Landowners in Wayne County have received assurances that “no diesel fuel, or derivative thereof” will be used in the fracturing solution—but none as to what will be used. Will there be hazardous chemicals such as biocides, acids, metals, ethylene glycol, or corrosion inhibitors? The drillers will try their best to get out as much of the drilling fluids as possible, but still, in the best-case scenario, 30 to 40 percent of the drilling fluids will remain stranded underground. So all the more reason to know exactly what’s in these fracturing fluids, right?

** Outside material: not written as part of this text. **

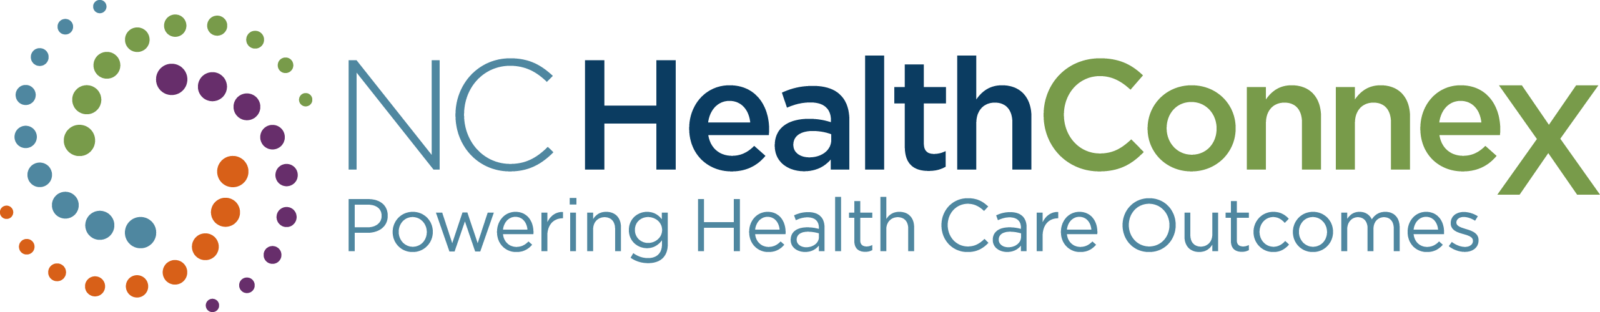 NC Health Connex logo

Ahh, but here we run into a problem. Exactly what’s in these fracturing fluids is the “proprietary information” of these drilling companies, so it cannot be revealed. State agencies do not require companies to report the volumes or names of chemicals being injected during hydraulic fracturing. So neither the public nor the government can properly judge the real risks involved in injecting these fluids underground.

So they’re fracturing our lands and pouring unknown fluids into it, 60 to 70 percent of which they’ll try to retrieve again—after it has blasted through rock formations and altered natural underground cisterns and caverns and waterways.

And the environmental attorney for the Northern Wayne Property Owners Association is concerned about spelling out what will happen on the surface of our lands? I think the surface is the least of our problems.

In 2005, the oil and gas industry was granted an exemption from the federal Safe Water Drinking Act, making oil and gas the only industries allowed to inject toxic fluids directly into our land and our groundwater without oversight by the U.S. Environmental Protection Agency.

That’s only one small part of the massive de-regulation and crippling of protective agencies that has taken place under the current Bush administration. As a result of the weakened powers of our protective agencies, we’ve seen too many cases of contaminated food, lead-contaminated toys, and other things in the last few years. Do we really want to see our lands and waters contaminated, as well?

It’s not too late. Drilling has started in Susquehana County, but has not yet begun in Wayne County. In Damascus, could we keep them out by declaring our right to home rule?

These are the questions that deserve answers. Before we’re totally and completely fracked.